From: Ken Mosher <ken at spatulacity.com> on 2007.04.25 at 22:47:07(15591)|
Michael is right, they supposedly don't do well if you raise the
humidity. I had little luck with that approach, however. If your friend
thinks they like Amorphs then he should get a Typhonium venosum and
stick it in the corner. They will all go to that corner!
Common wisdom with the two-spotted spider mite is to spray with 2 or 3
different miticides according to the label directions but *rotate* the
chemicals used. Spider mites develop immunity quickly because of their
short breeding cycle. I had reasonably good results on my Ty. venosums
last year when I rotated Kelthane and an Ortho product called "Systemic
Insect Killer" with active ingredients Acephate and Fenbutin-oxide (the
label says "Formerly Isotox" but I don't think Isotox had the same
ingredients). The Ortho product is VERY smelly! Ugh.
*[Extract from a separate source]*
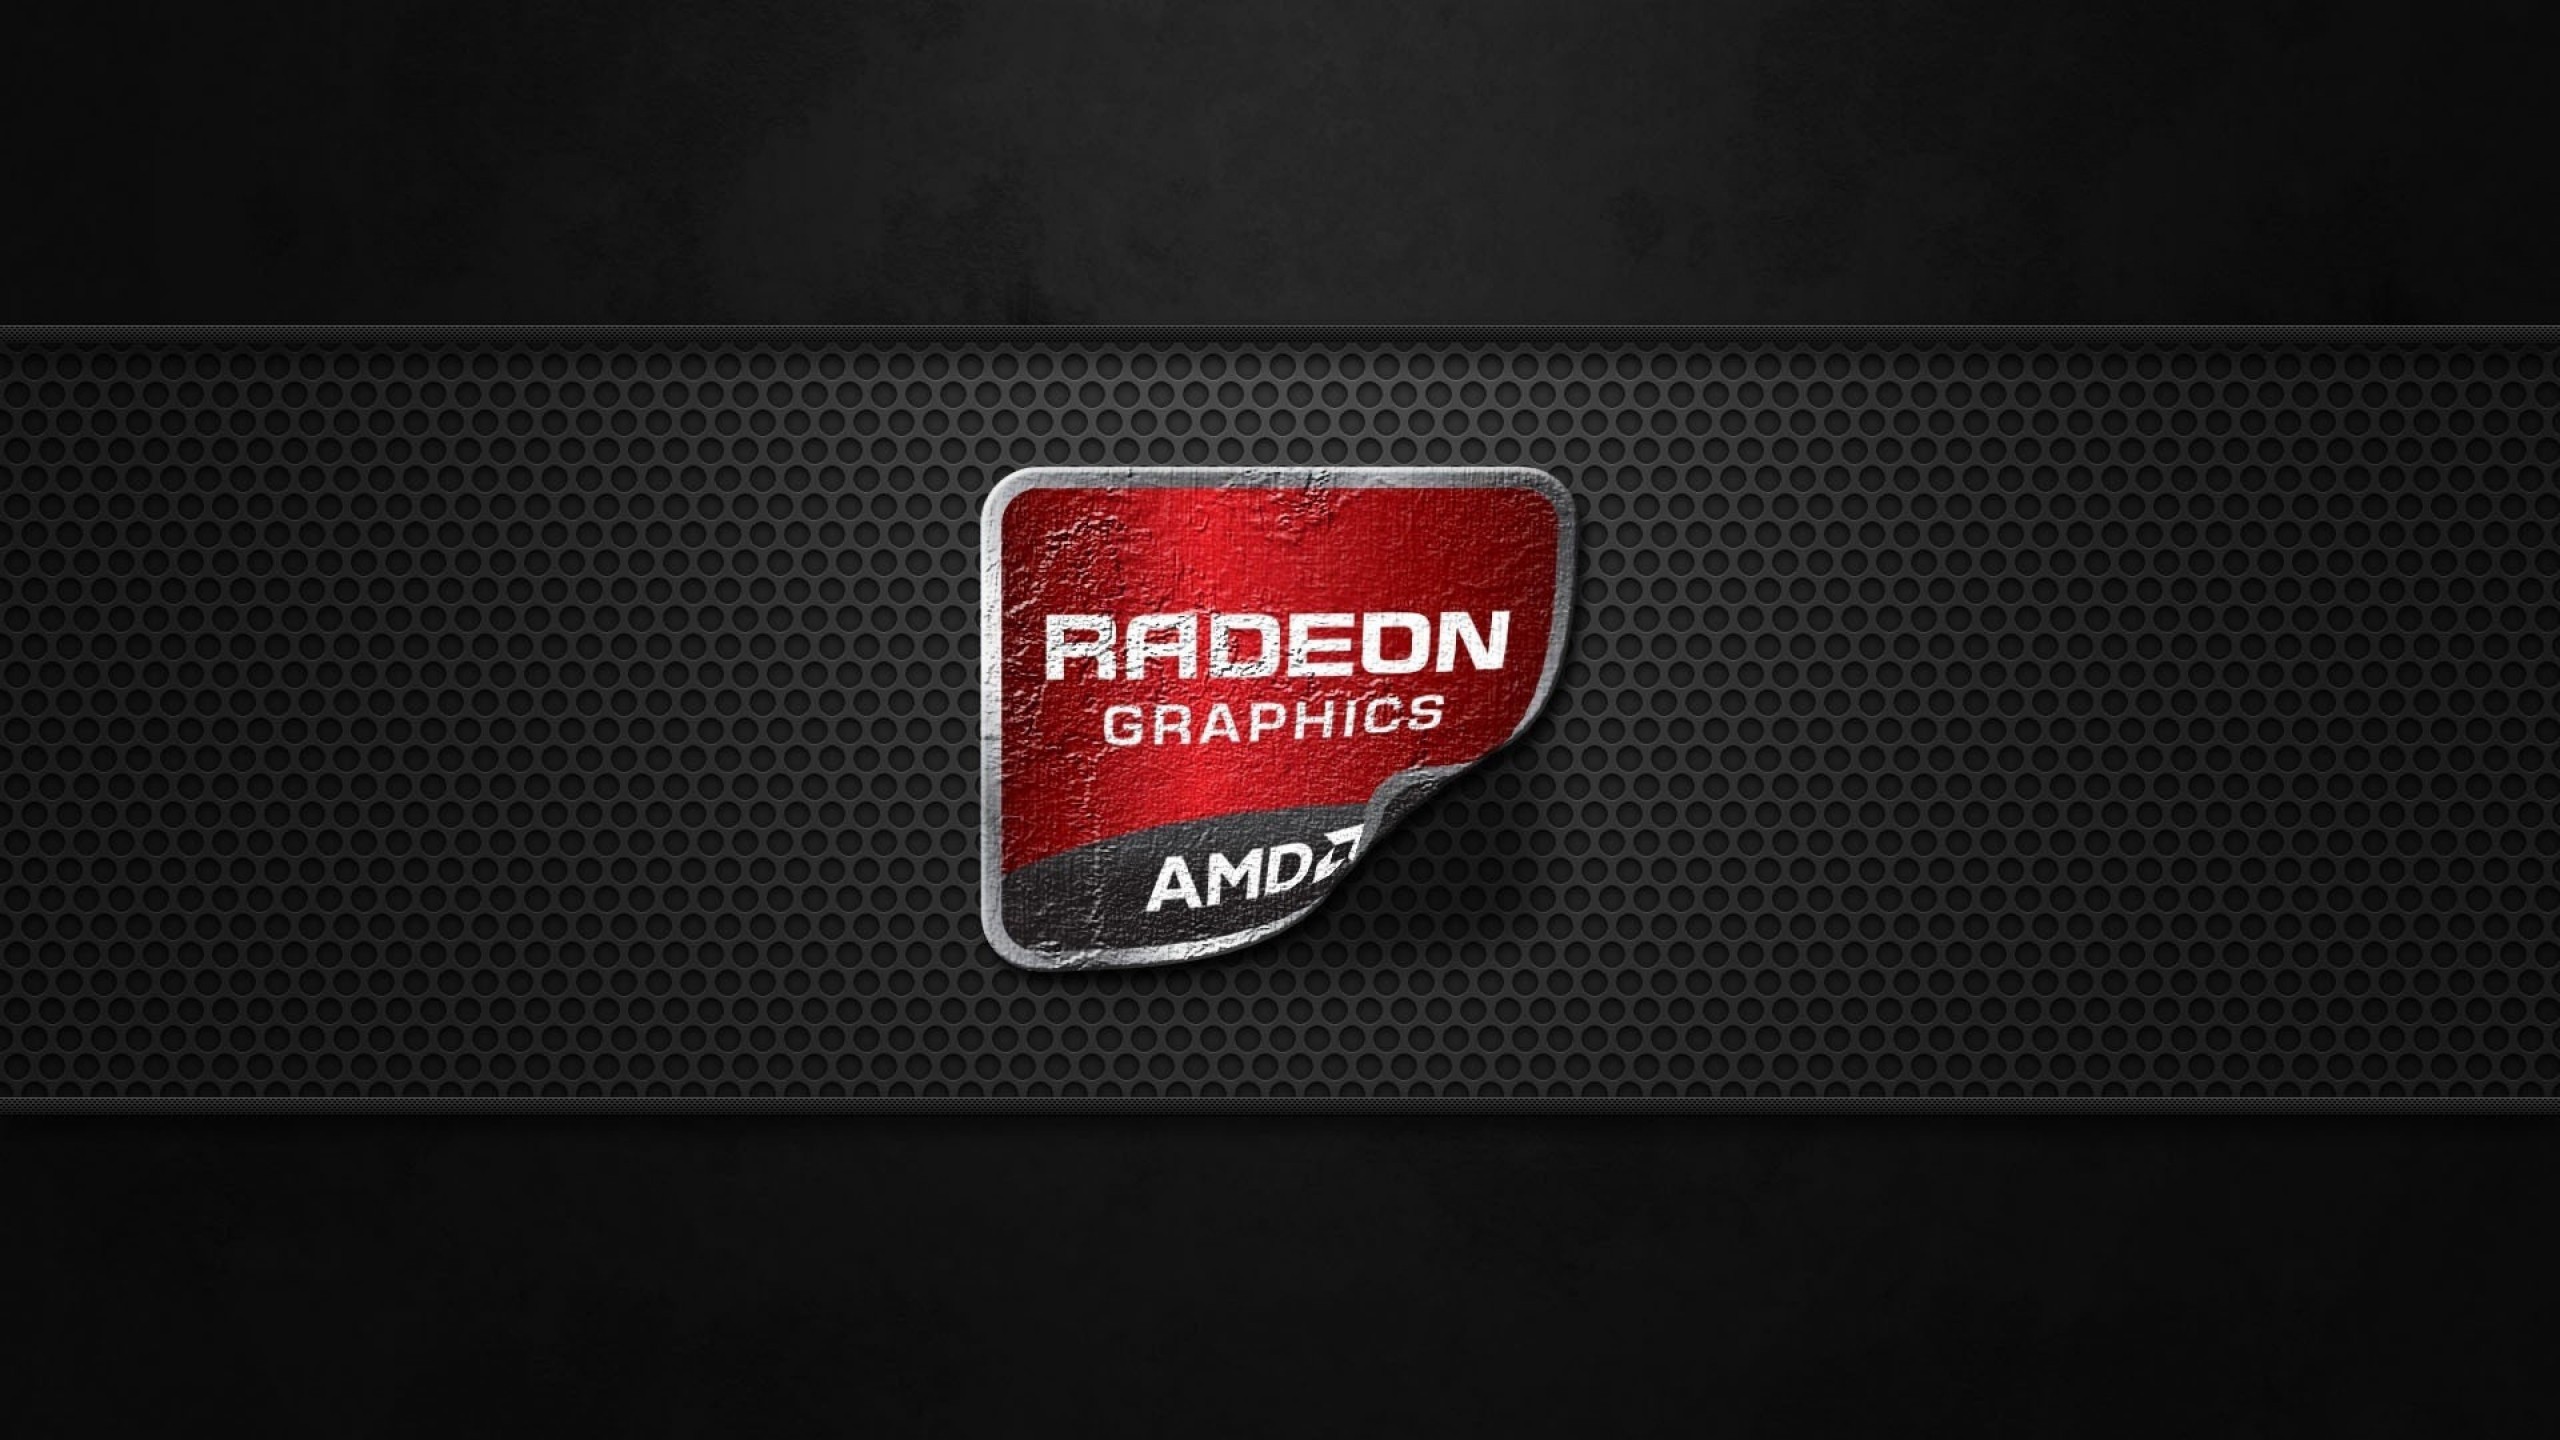 AMD Radeon Graphics Wallpaper for Social Media YouTube Channel Art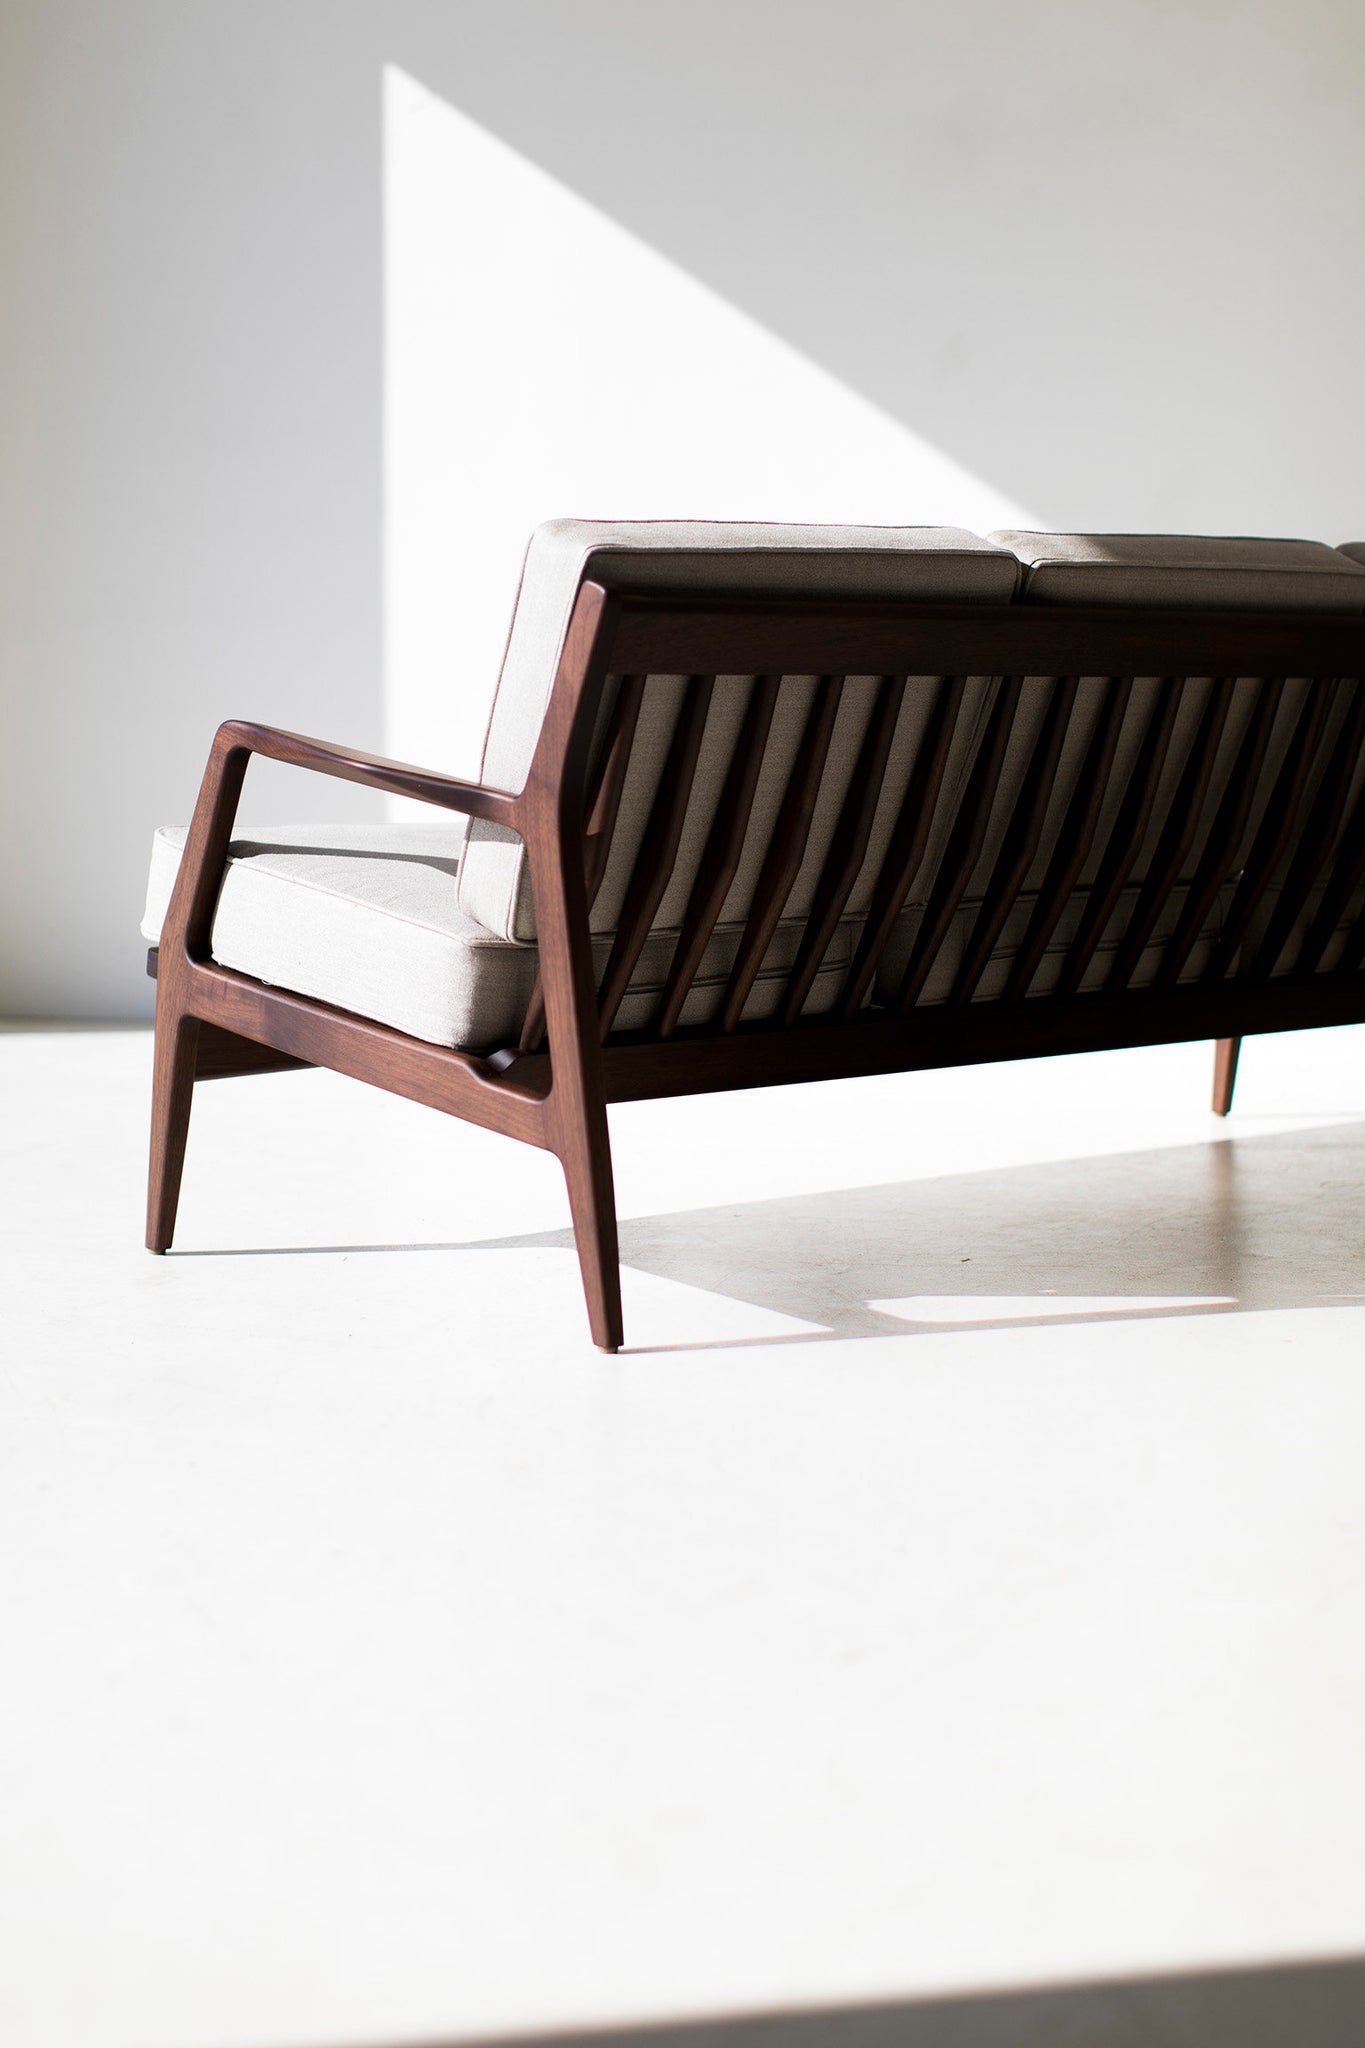 Lawrence-Peabody-Danish-Sofa-P-1713-Craft-Associates-Furniture-12

He might also try spraying those infested plants with Messenger a couple
of days after the miticide. At the very least it won't hurt them and it
may give them a boost.
D. Christopher Rogers wrote:
Anyone have a good method for dealing with spider mites? The keep
popping up in my friend’s greenhouse. They really seem to like
Amorphophallus, Xanthosoma, Alocasia, and Colocasia, ignoring everything
else. He has been using neem oil, but it seems to kill off leaves. He
went to a weaker concentration, which knocks down the mites immediately
and saves the leaves, but even after spraying twice a day for two weeks,
they just pop right back up. They appear to be the two-spotted spider mite.